Буржуа, погрязший в «гешефтах», редко способен, а может быть, и вовсе неспособен подняться до всеобъемлющих формулировок «постулатов» своего класса. Но Спиноза ушел из «дел» и отдался тому, что он считал величайшим делом своего класса: построению нового, законченного, целостного миросозерцания.
Для этого ему нужно было развернуть новое, несомненное и научное понимание мира, то есть всего целого, — природы, новую покоящуюся на этой основе систему поведения, то есть этику, выработать новый взгляд на общественный и политический уклад.
Все это он и сделал. Притом с такой глубиной мысли и таким богатством знаний, с таким верным и строгим чувством, так сказать, стиля новой жизни, что за ним оказалось обеспеченным, несмотря на вызванную им против себя бурю ненависти, высокое место в истории человеческой культуры.

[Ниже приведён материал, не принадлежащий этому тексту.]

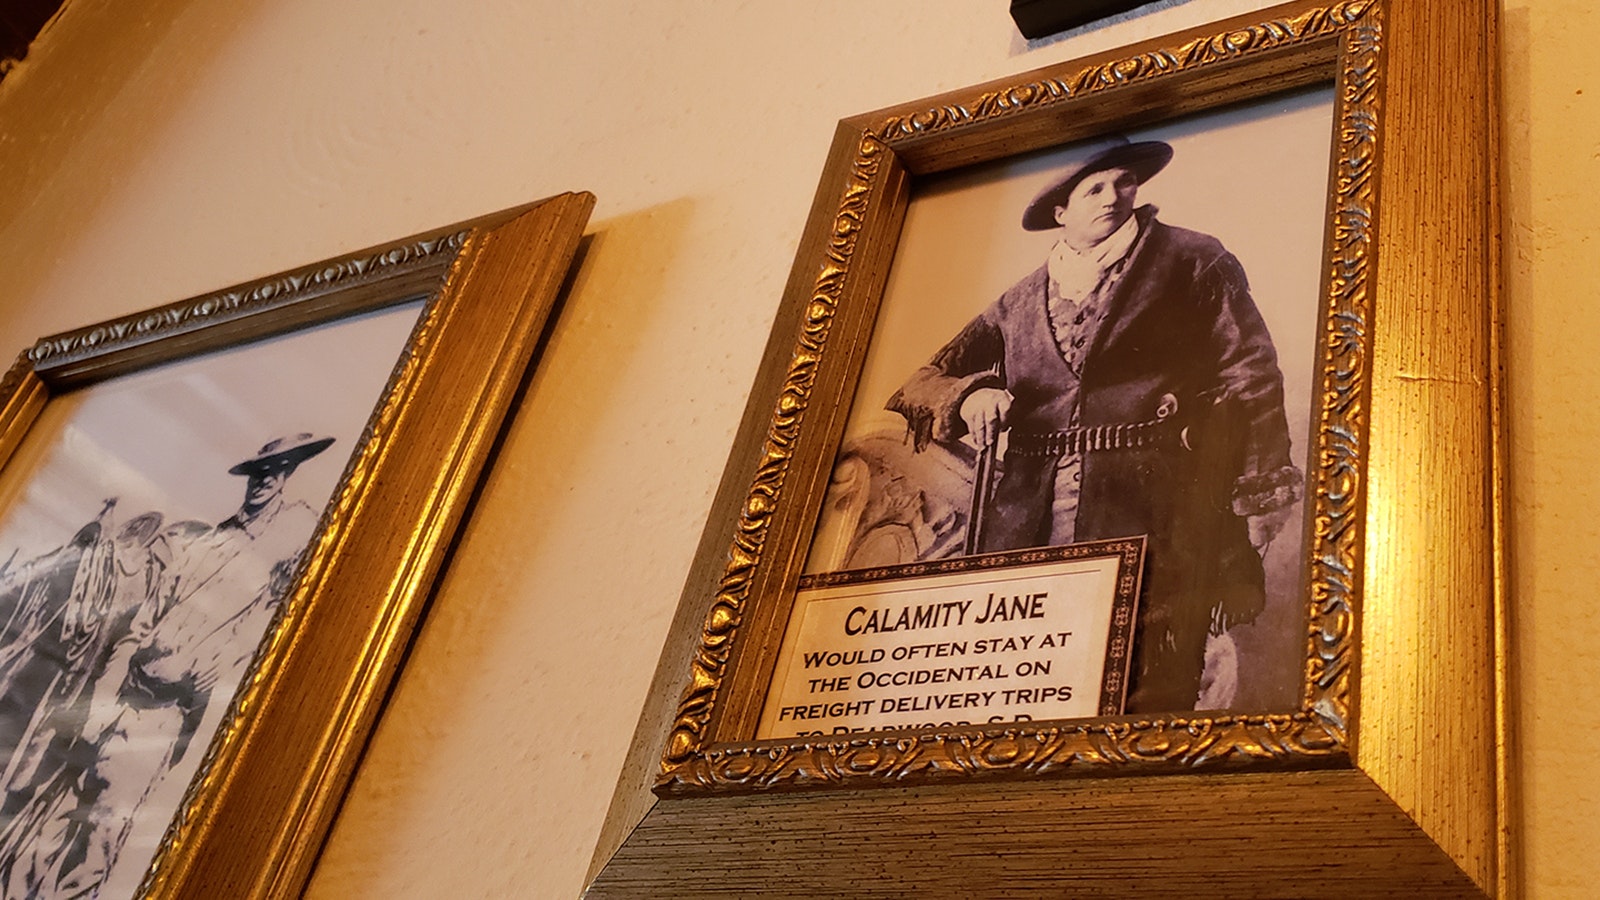 Calamity Jane often stayed at the Occidental when making freight delivery trips.

Главным врагом, которого при этом Спиноза вызвал на бой, врагом, ответившим ему звериной злобой, был поп: поп католический, поп еврейский у больше всего поп кальвинистский.
Я позволю себе сделать здесь некоторое отступление.
Это будет кажущееся отступление: я хочу сказать несколько слов о старшем современнике Спинозы — Рембрандте ван Рине, место которого в истории культуры своеобразно, подобно месту Спинозы.
27 июля 1656 года молодой Спиноза был проклят и изгнан из общества евреев.
Накануне стареющий Рембрандт, разорившийся дотла и отвергнутый заказчиками, присутствовал на распродаже с молотка всего своего имущества.
Почти в один и тот же день два величайших бюргера Голландии XVII века и вместе с тем истории человечества ушли прочь из рядов «законного» и «добропорядочного» бюргерства.
С большим чутьем покойный Фриче{183} характеризовал великого живописца как представителя богемы, не столько сознательно, сколько инстинктивно, по своей природе не любившего буржуазию и столь же инстинктивно ненавистного ей. Я говорю здесь о современной ему амстердамской буржуазии.
Следует ли из этого, что Рембрандт не был глубоким и истинным представителем буржуазии в искусстве?
Рембрандт был великим, даже величайшим реалистом. Он не только был влюблен в действительность, не только умел с непревзойденным искусством передать ее всю целиком, любой ее элемент, ее весомость, фактуру, красочность, ее пространственность и определяющую ее видимость борьбу света и тени, — он шел дальше: впиваясь глазами гения, он схватывал отдельные ее черты и комбинировал их в образы столь типичные, то есть столь характерные, что на плоском полотне неподвижные пятна красок давали портрет действительности, казавшийся более действительным, чем оригинал. Рембрандт комбинировал элементы действительности иногда и в целые рассказы, целые поэмы, полные динамики, позволявшие бездонно глубоко заглянуть в драму жизни.
Если Рембрандт брал какой-нибудь библейский сюжет, он не только костюмировал его часто под современность, но он старался придать ему вполне современный, даже злободневный смысл.
Все, что было характерного в феодальной, католической живописи, никак не интересовало Рембрандта. Формальная красивость, иератическая, церковная строгость — все, что шло от государственной пышности и церемониальной условности, было отброшено и побеждено Рембрандтом. Правда, простота, непосредственное чувство — вот что господствует в его творениях.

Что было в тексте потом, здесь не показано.